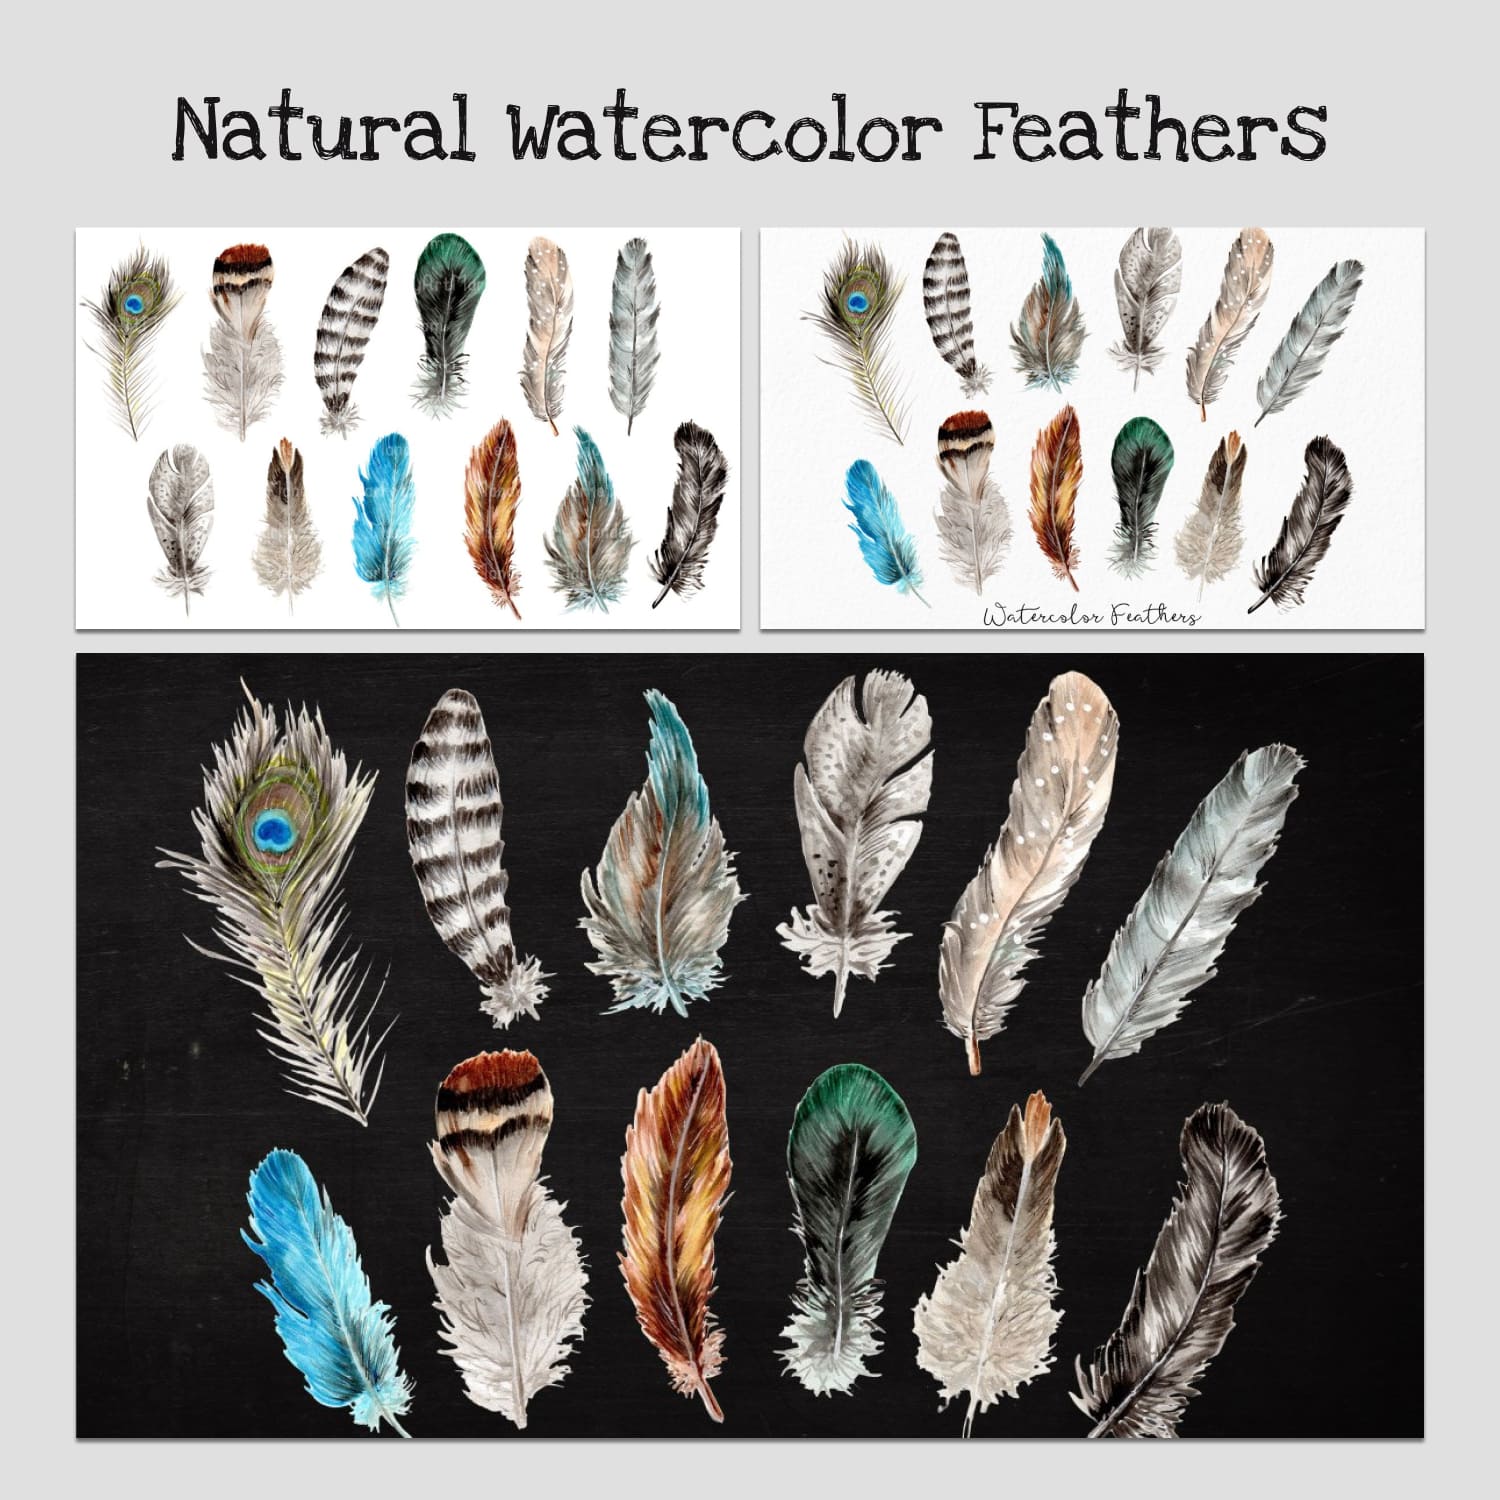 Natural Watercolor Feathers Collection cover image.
+ + +
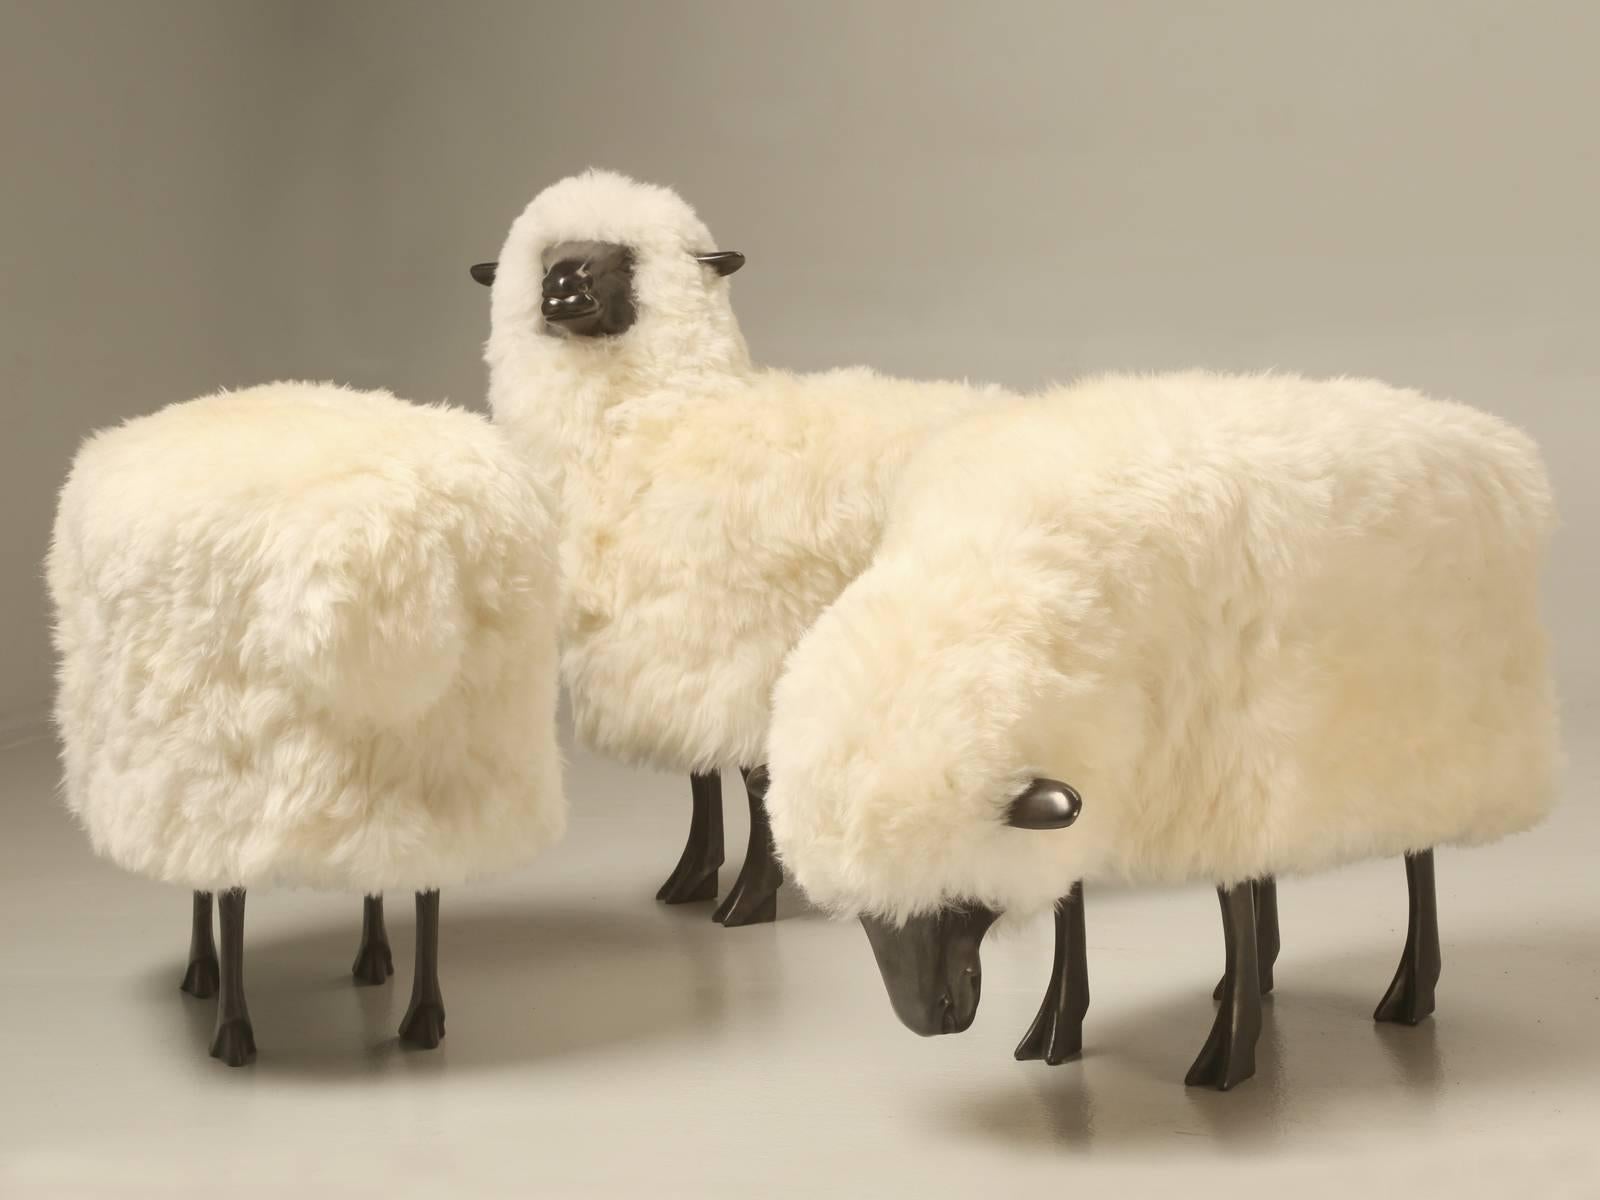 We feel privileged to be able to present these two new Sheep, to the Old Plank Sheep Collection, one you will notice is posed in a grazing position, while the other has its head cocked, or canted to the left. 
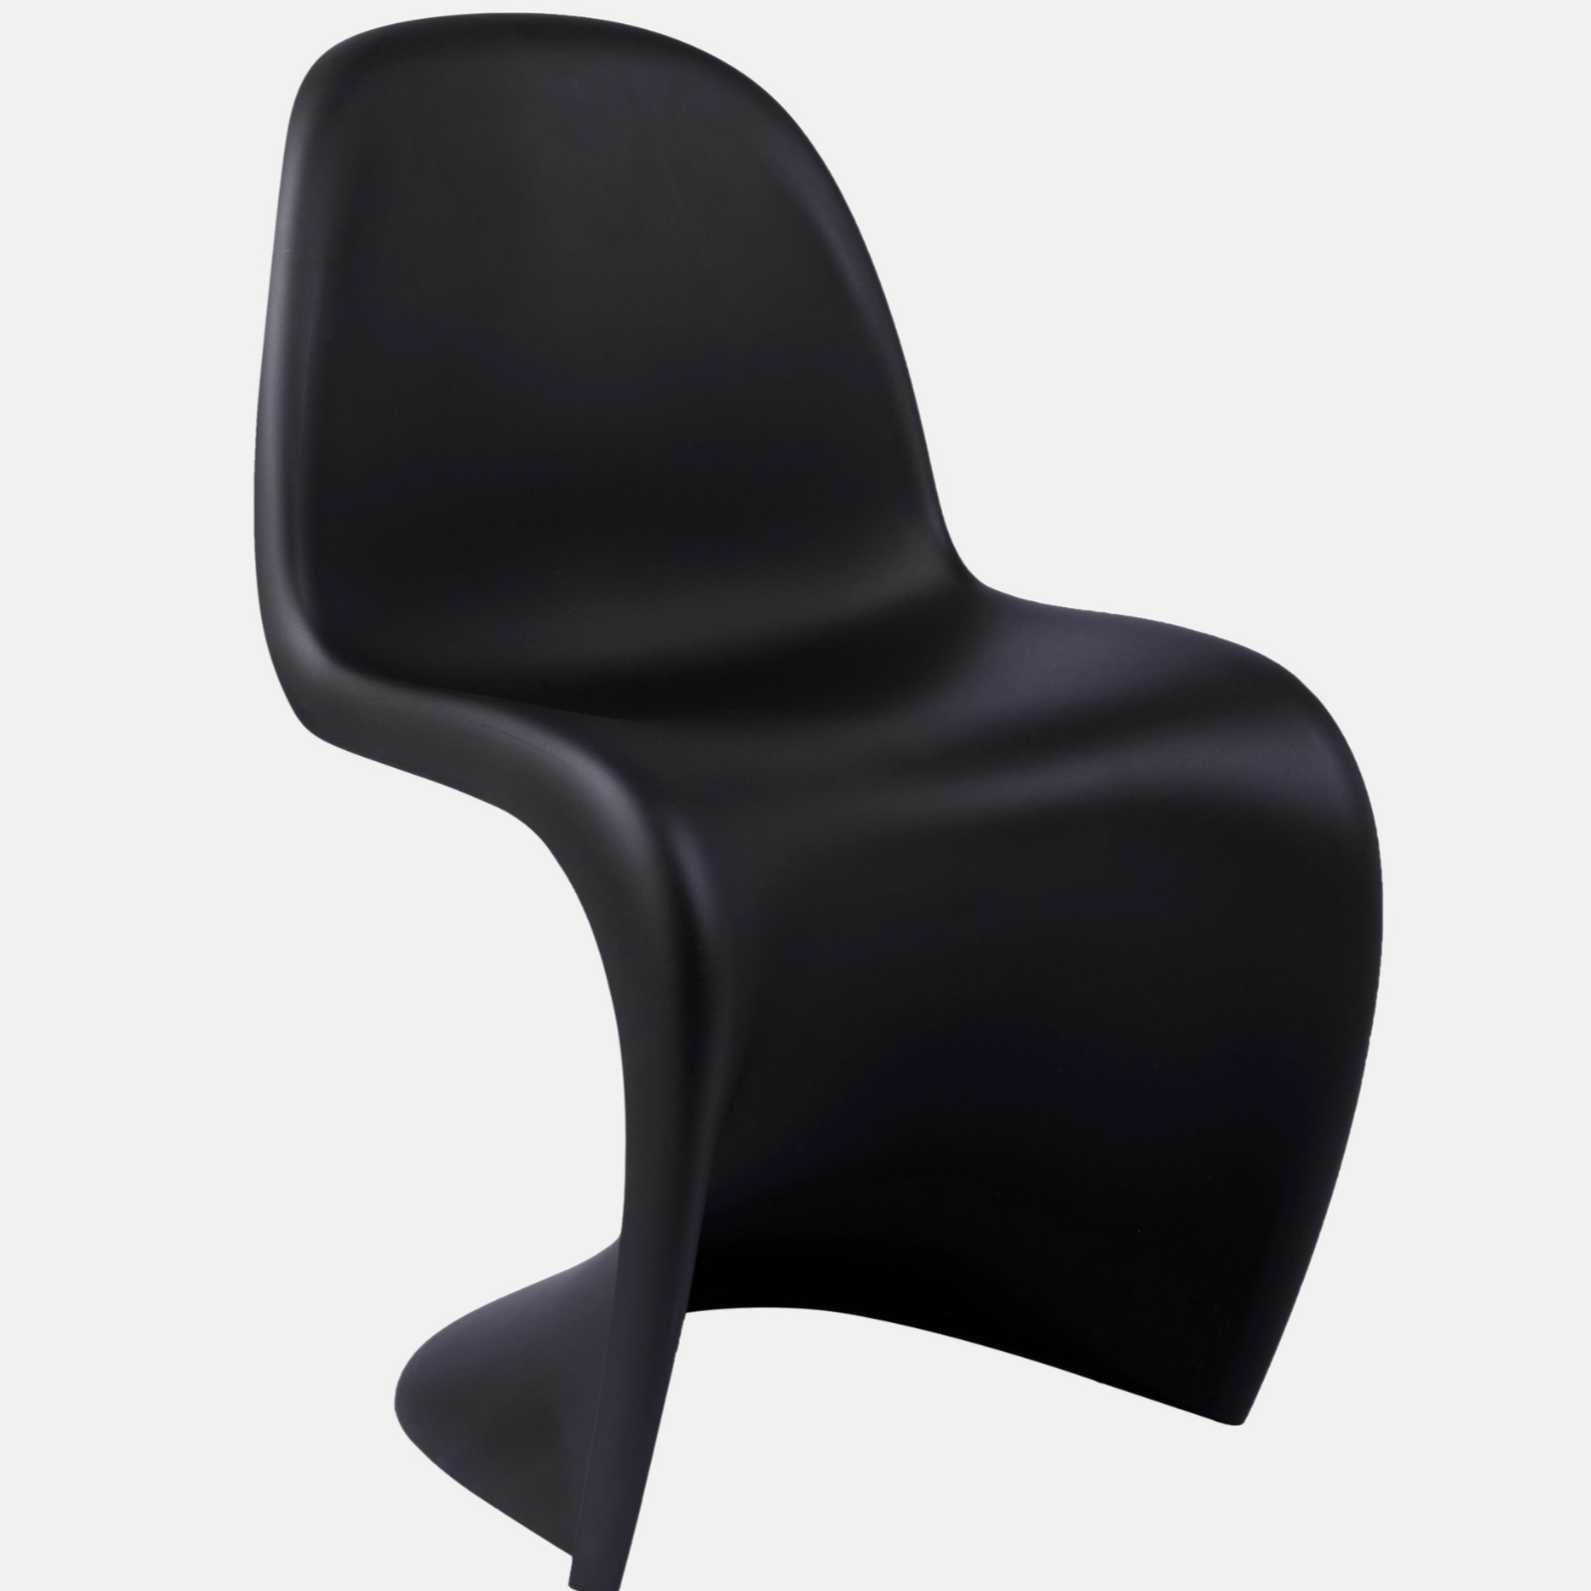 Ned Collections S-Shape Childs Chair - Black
+ + +
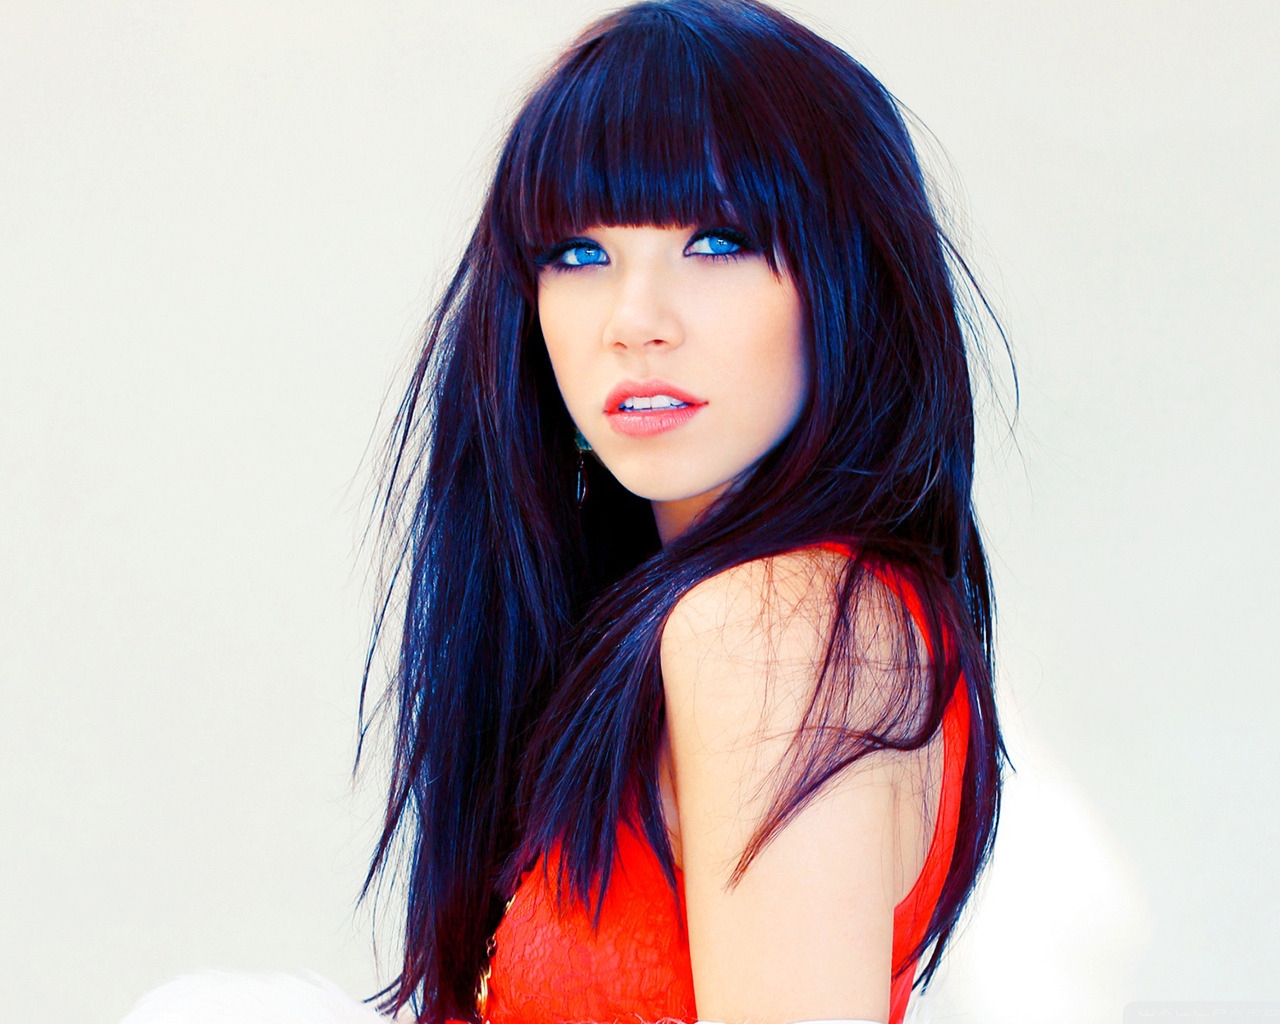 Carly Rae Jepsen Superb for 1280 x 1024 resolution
+ + +
= Assignment =
Everything from the line with "We feel privileged" down to the line with "Ned Collections S-Shape Childs Chair - Black" in the data above should be copied exactly, with both end lines kept and the pictures left out.

= Response to this task =
 We feel privileged to be able to present these two new Sheep, to the Old Plank Sheep Collection, one you will notice is posed in a grazing position, while the other has its head cocked, or canted to the left. 
 Ned Collections S-Shape Childs Chair - Black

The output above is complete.